The 50th Annual Osborne Heritage Days this weekend will be the final one.
Clayton County Conservation naturalist Abbey Harkrader say the event let people travel back in time to the early pioneers at in the Pioneer Village of Osborne Park south of Elkader. “Our first director for Clayton County Conservation, Don Menken, he was very passionate about history and worked really hard to create the Pioneer Village we have here and wanted to really focus on history and I believe it was his idea,” Harkrader says. “He may have had some help with some of his staff and board members, but they began the event in. 1974.” She says it has been held every year since then, except one during the COVID pandemic.
Harkrader says it has become tough to put on an event of this size. “We’ve just had trouble getting demonstrators and things people to pick up those old crafts from long ago and carry on. The tradition has become really hard, so we need to change with the times, come up with the new event,” she says.
There’s going to be some new fall market-type of festival that will take the place of Heritage Days in the coming years – but Harkrader says what that will look like is still undecided. “That’s up for debate.
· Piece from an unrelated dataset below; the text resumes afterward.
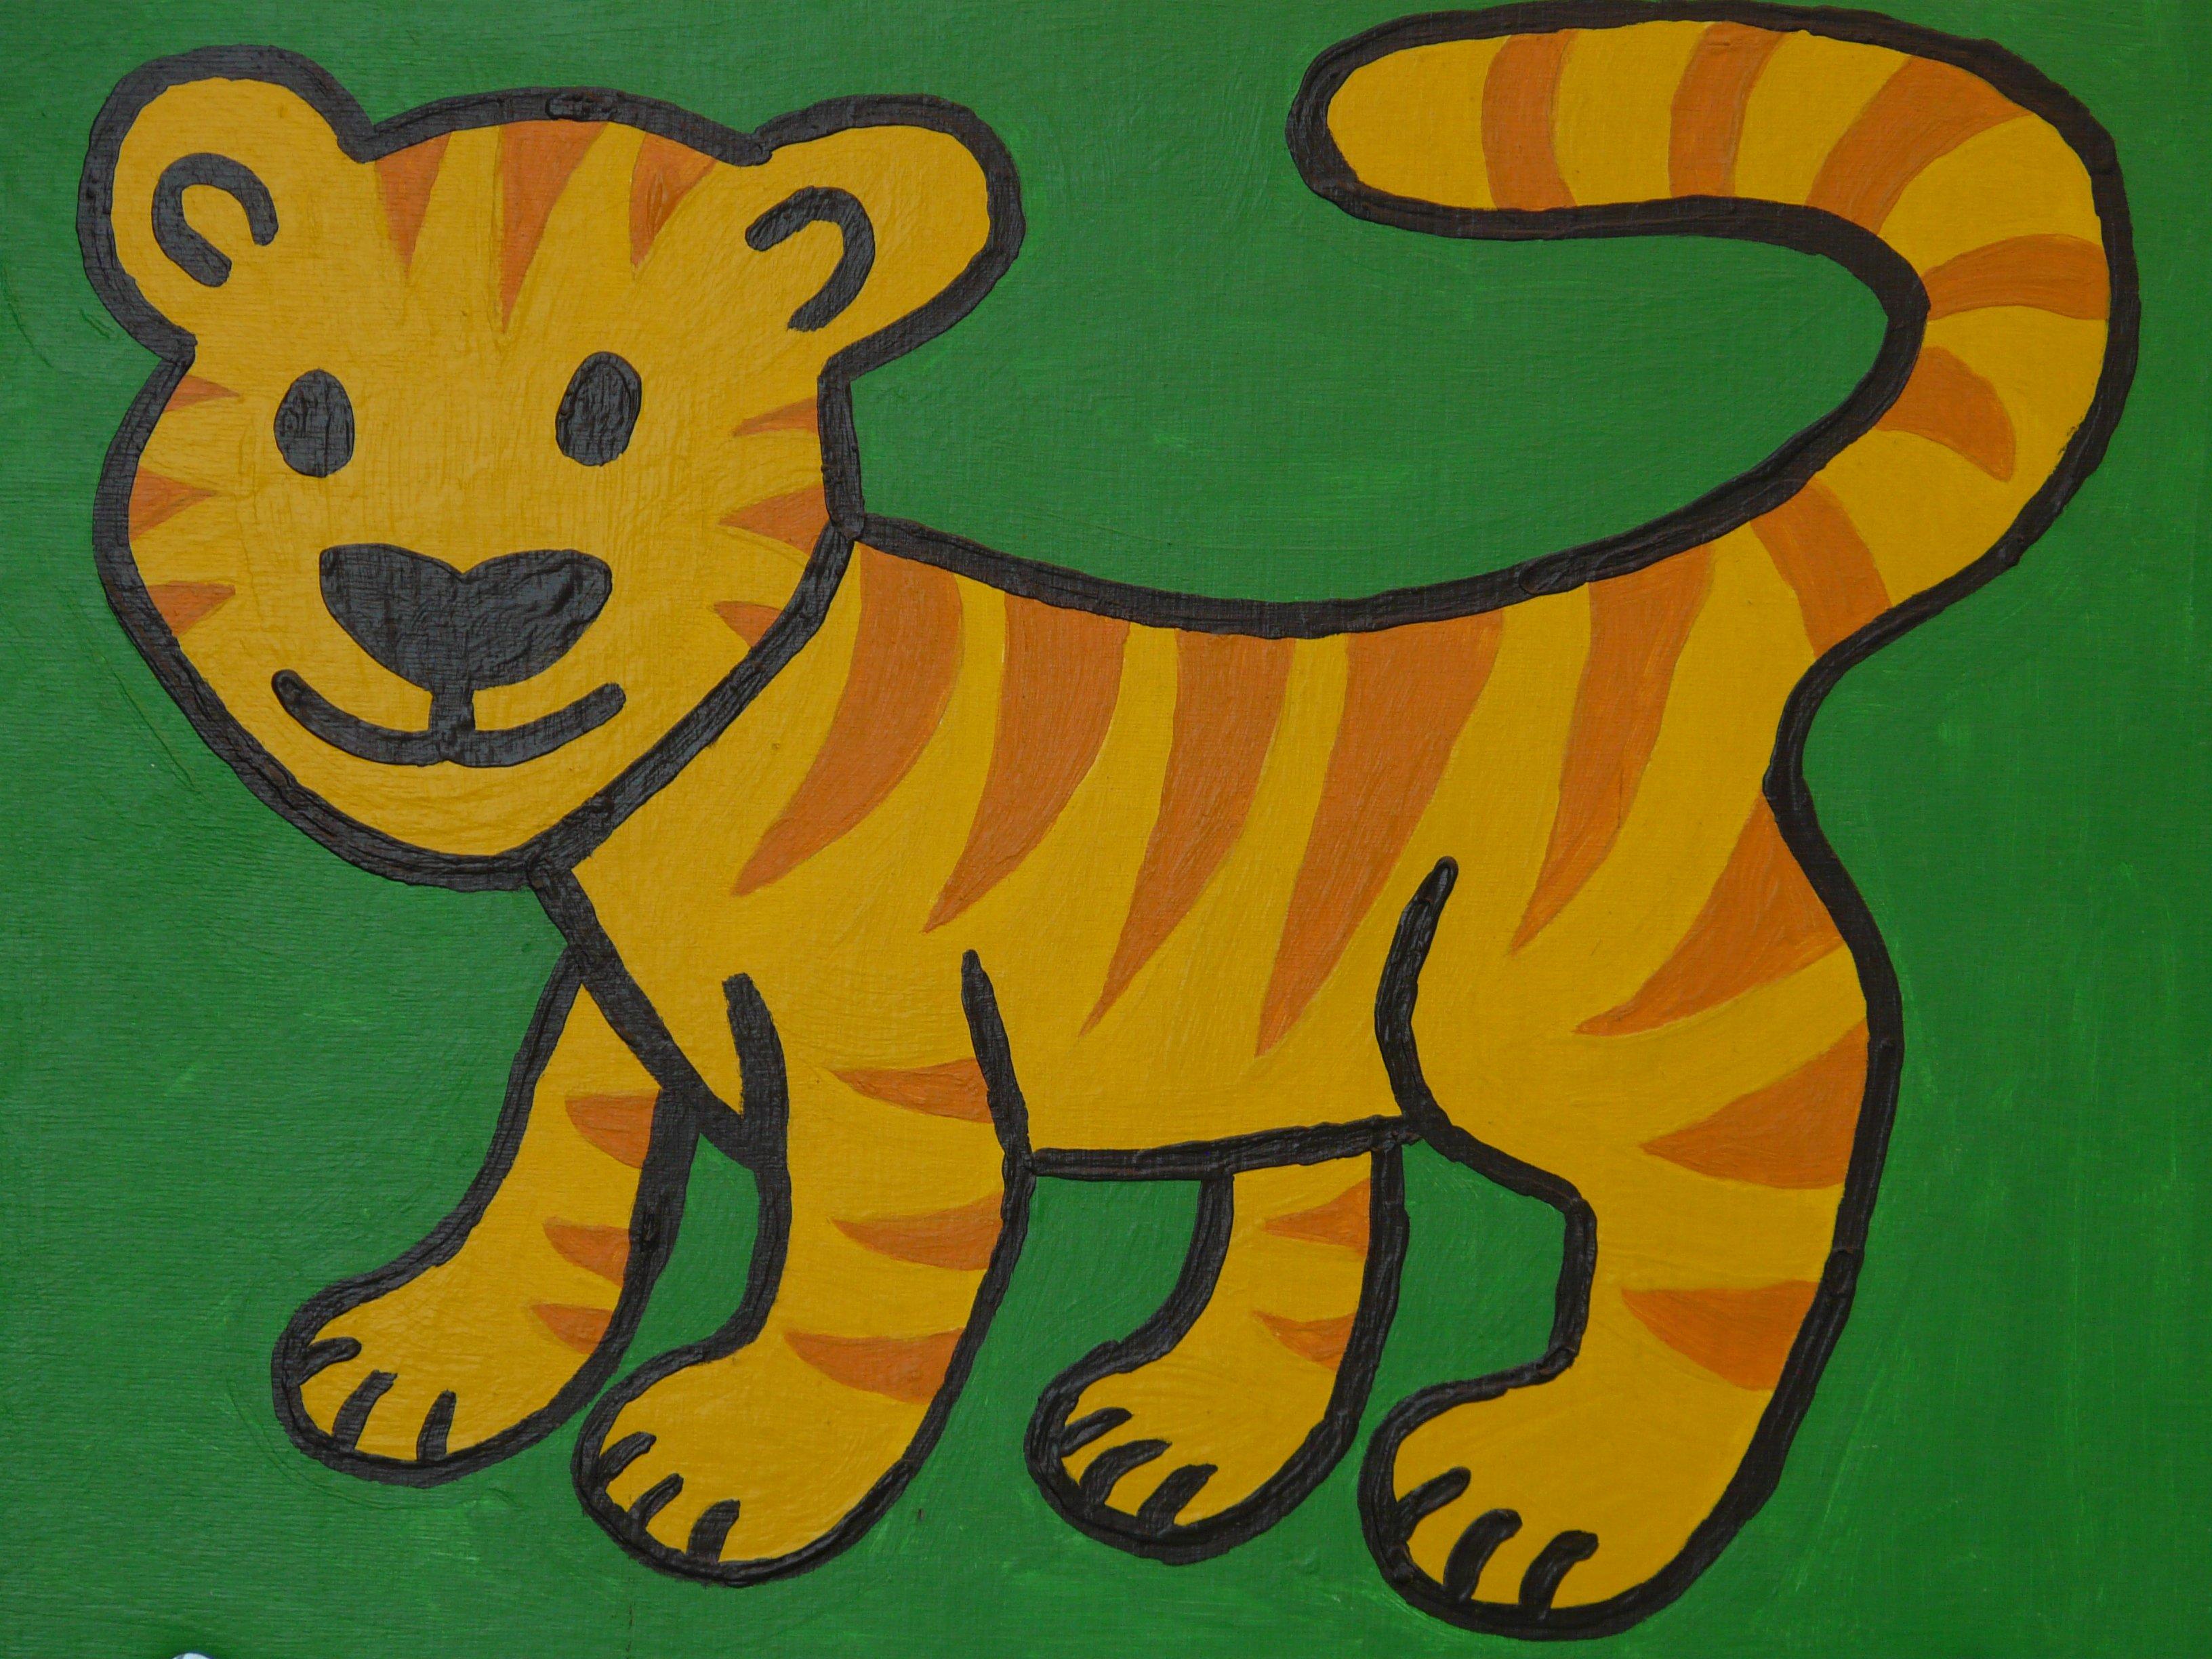 Kumpulan Gambar Hewan Harimau Kartun Paling Baru - Infobaru

We’re actually going to have a period after Heritage Days, a couple sessions to kind of get the public’s opinion on what we should transform into. We’ll definitely have something going forward. We just don’t know what kind of fall festival is going to be,” she says.
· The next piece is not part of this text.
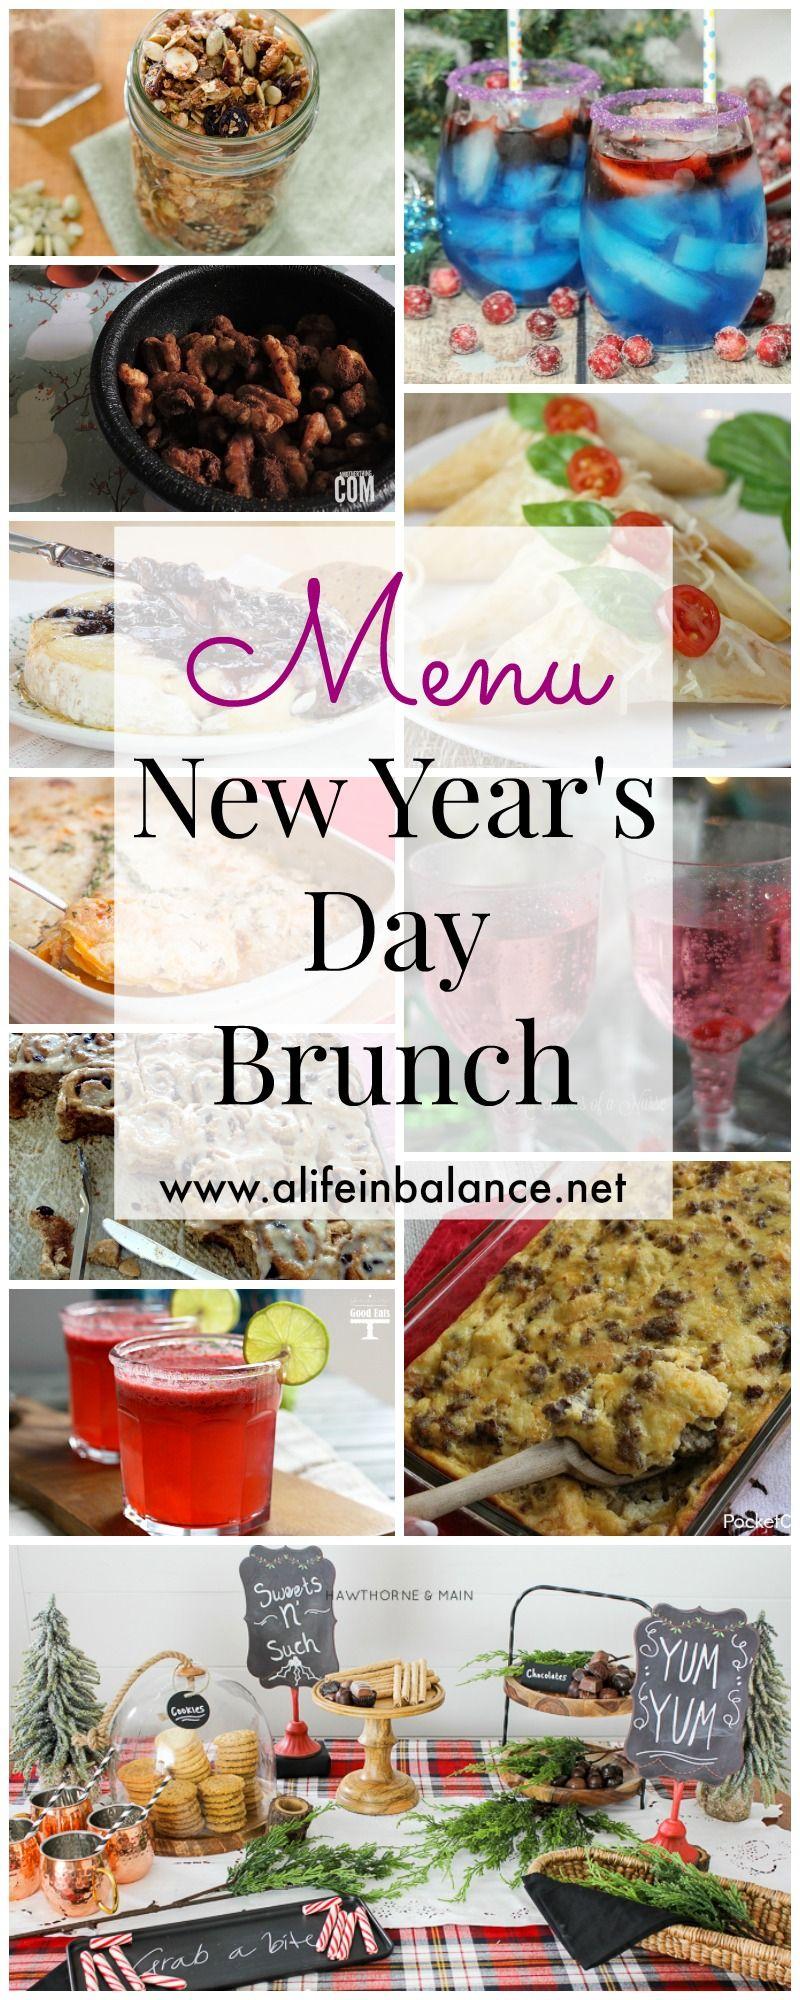 Menu: New Year's Day Brunch | Brunch, New years day brunch ...

The final event this weekend will have some 20 demonstrations, including spinning, basketry, soap making, printing press, woodcrafts and candle making. There will also be many pioneer-era foods featured at Heritage Days too, from homemade root beer, kettle corn, fresh baked goods to jerky All the events are free Saturday and Sunday from 10 a.m. to 4 p.m. in the Pioneer Village of Osborne Park south of Elkader.